[DATA PROVIDED]
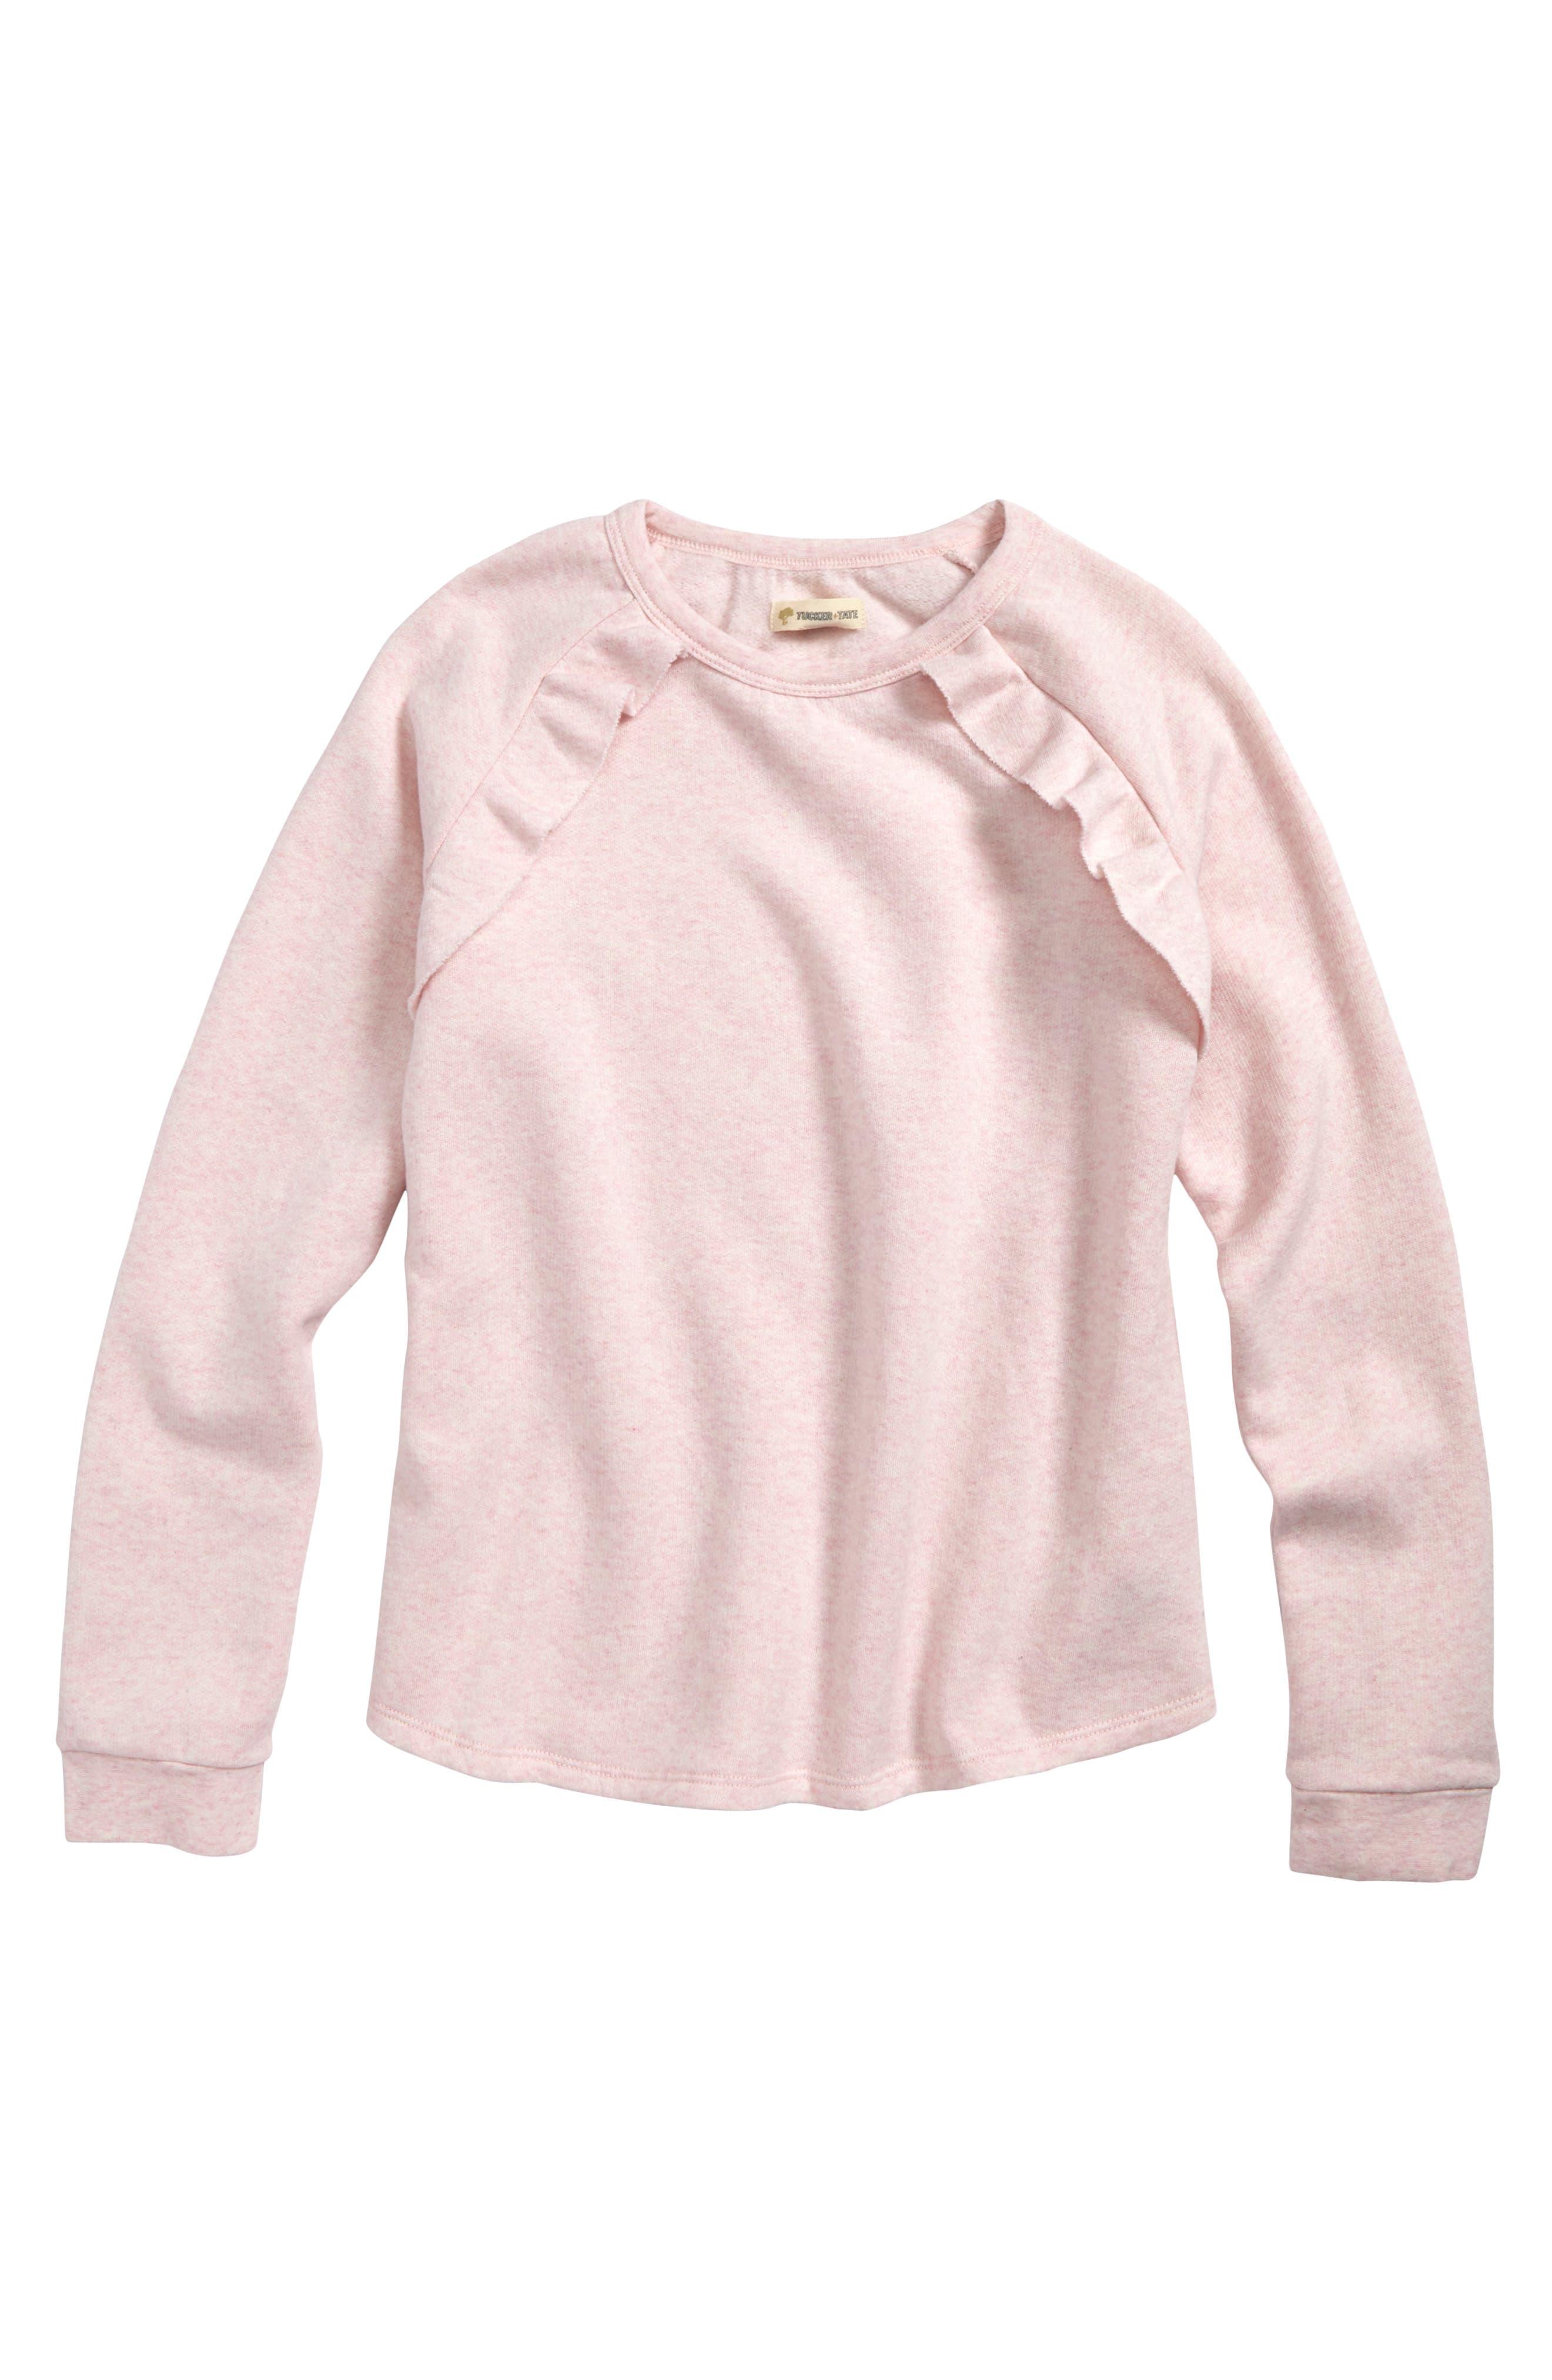 Ruffle Fleece Sweatshirt,                         Main,                         color, PINK BREATH HEATHER
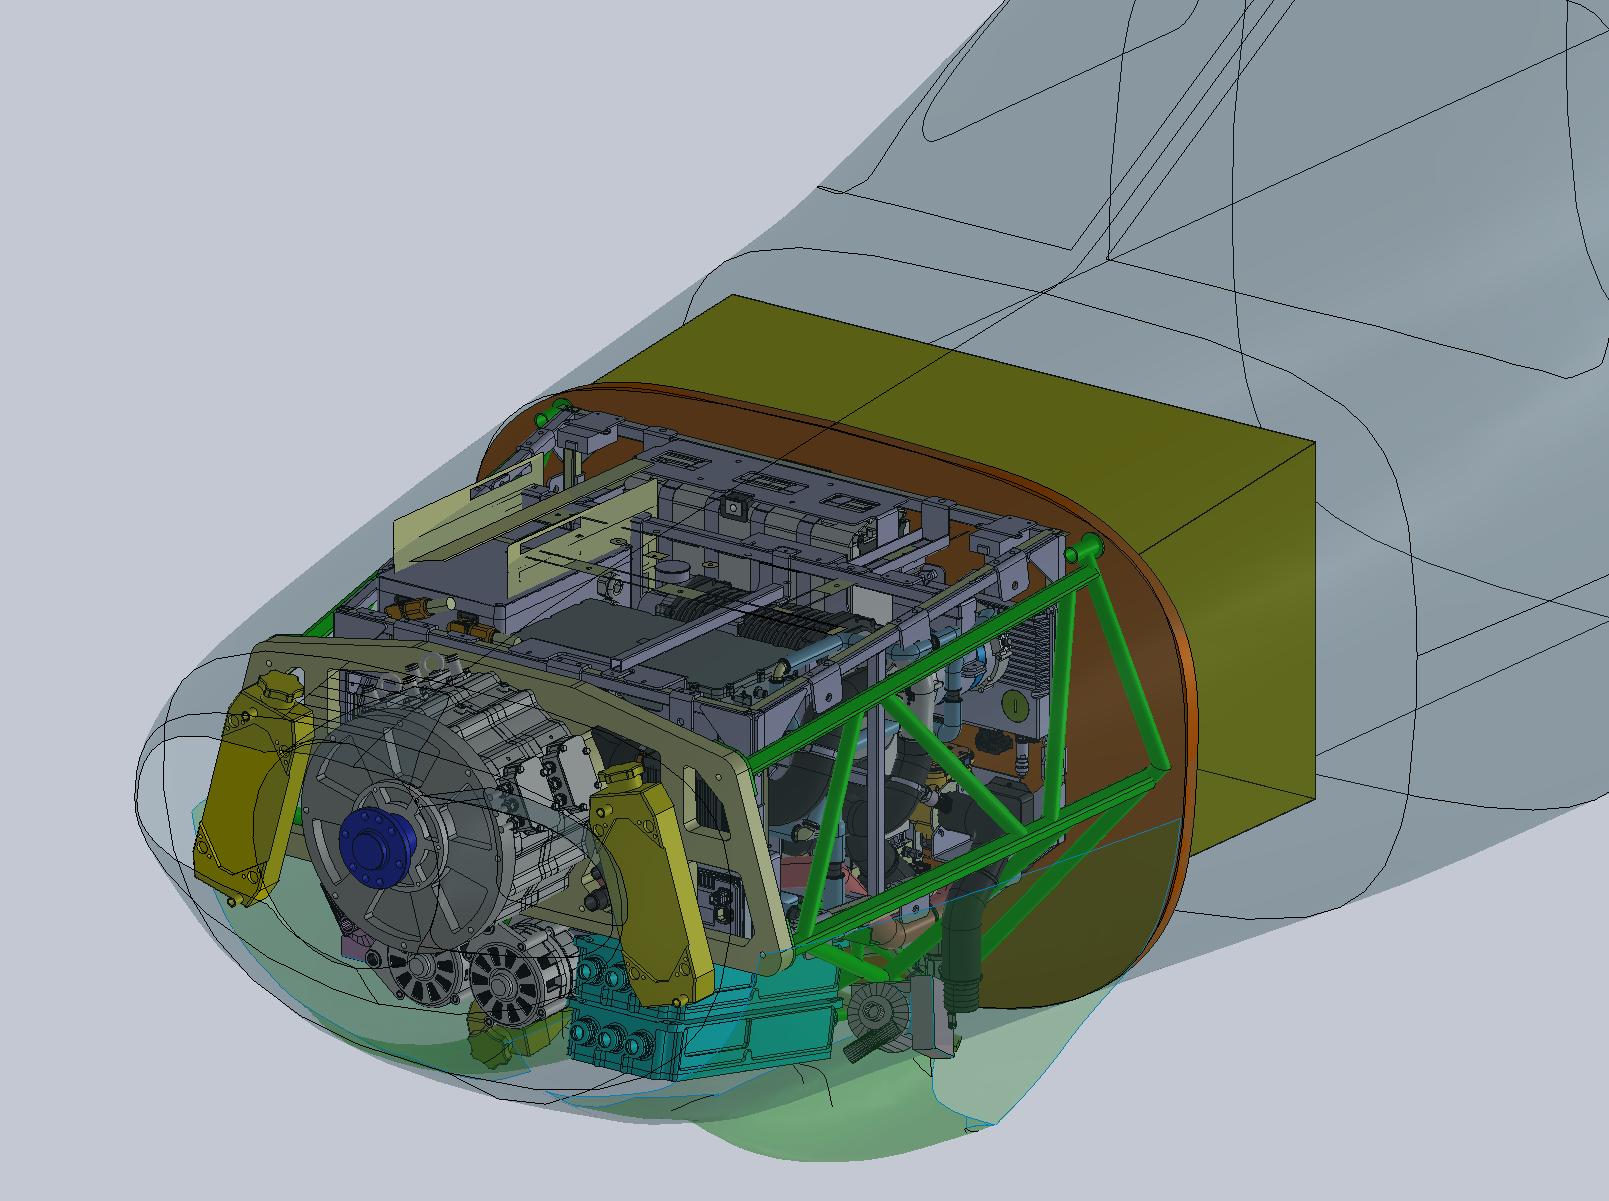 Gallery Hydrogen electric powertrain for aviation 3
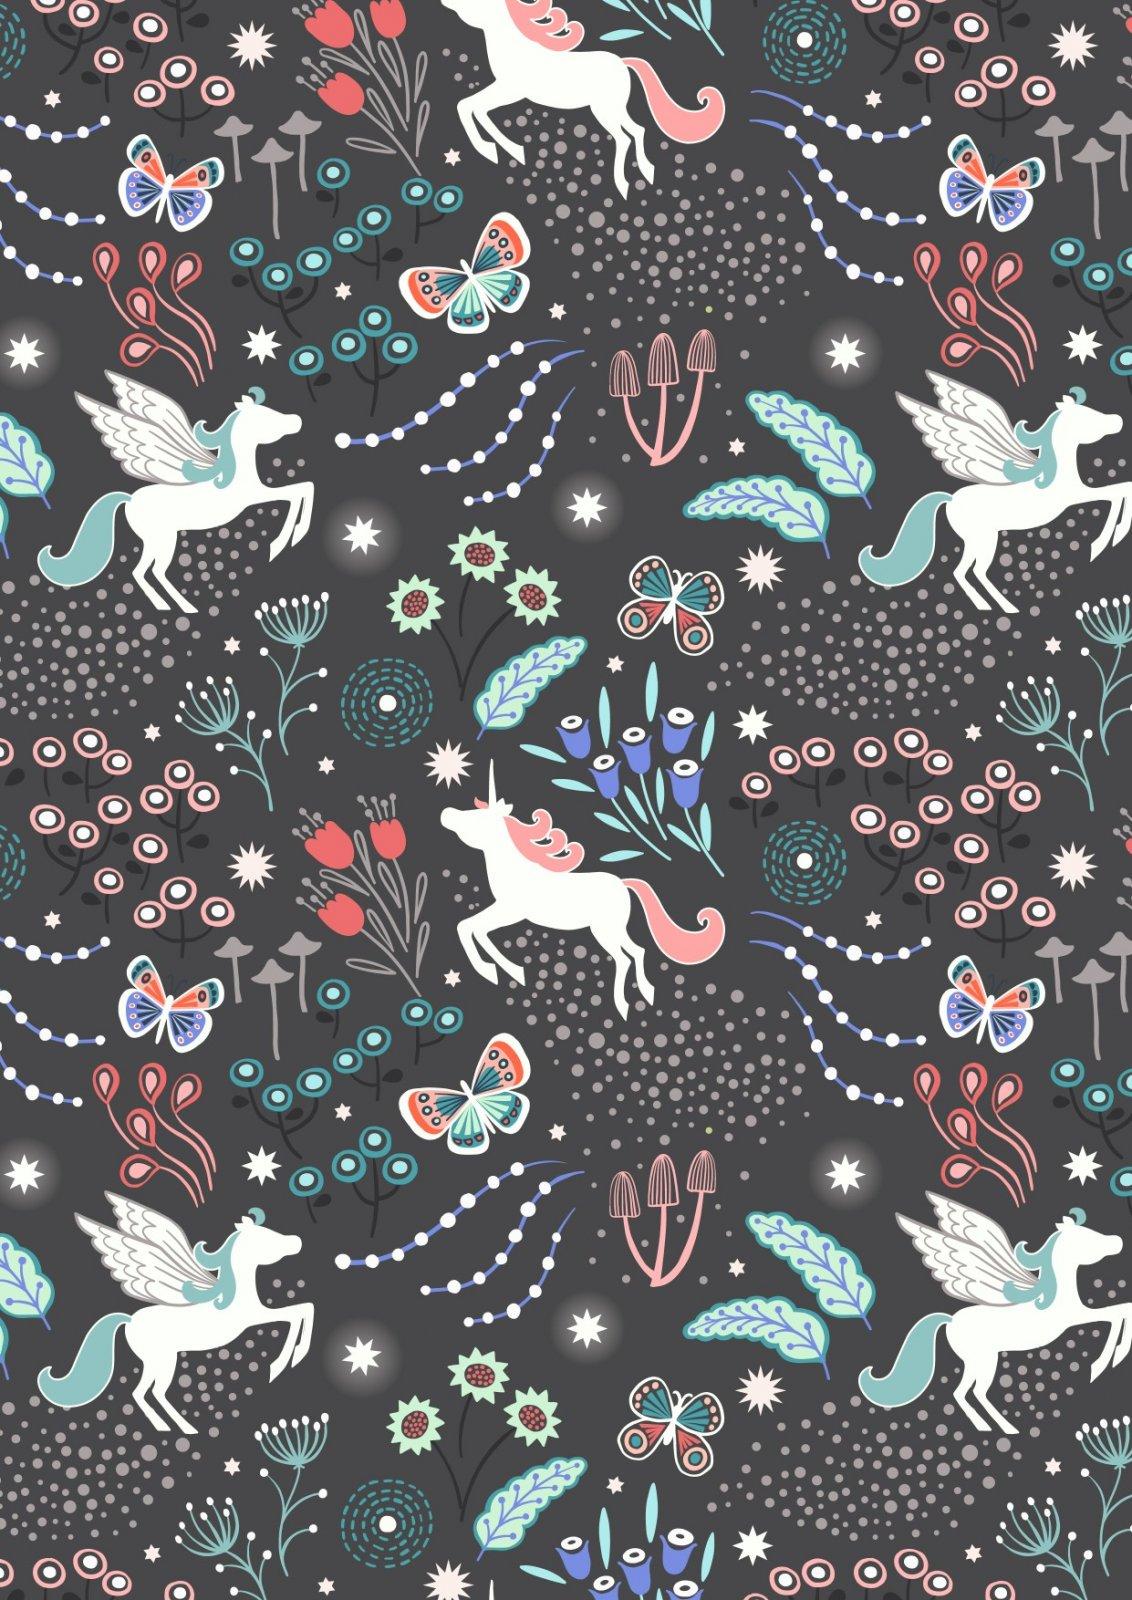 Unicorn Meadow on Black
[/DATA PROVIDED]
■ **WHAT THE TASK ASKS**: Each line above should be returned exactly as written, apart from any pictures.

■ **REPLY TO THE TASK**:
 Ruffle Fleece Sweatshirt,                         Main,                         color, PINK BREATH HEATHER
 Gallery Hydrogen electric powertrain for aviation 3
 Unicorn Meadow on Black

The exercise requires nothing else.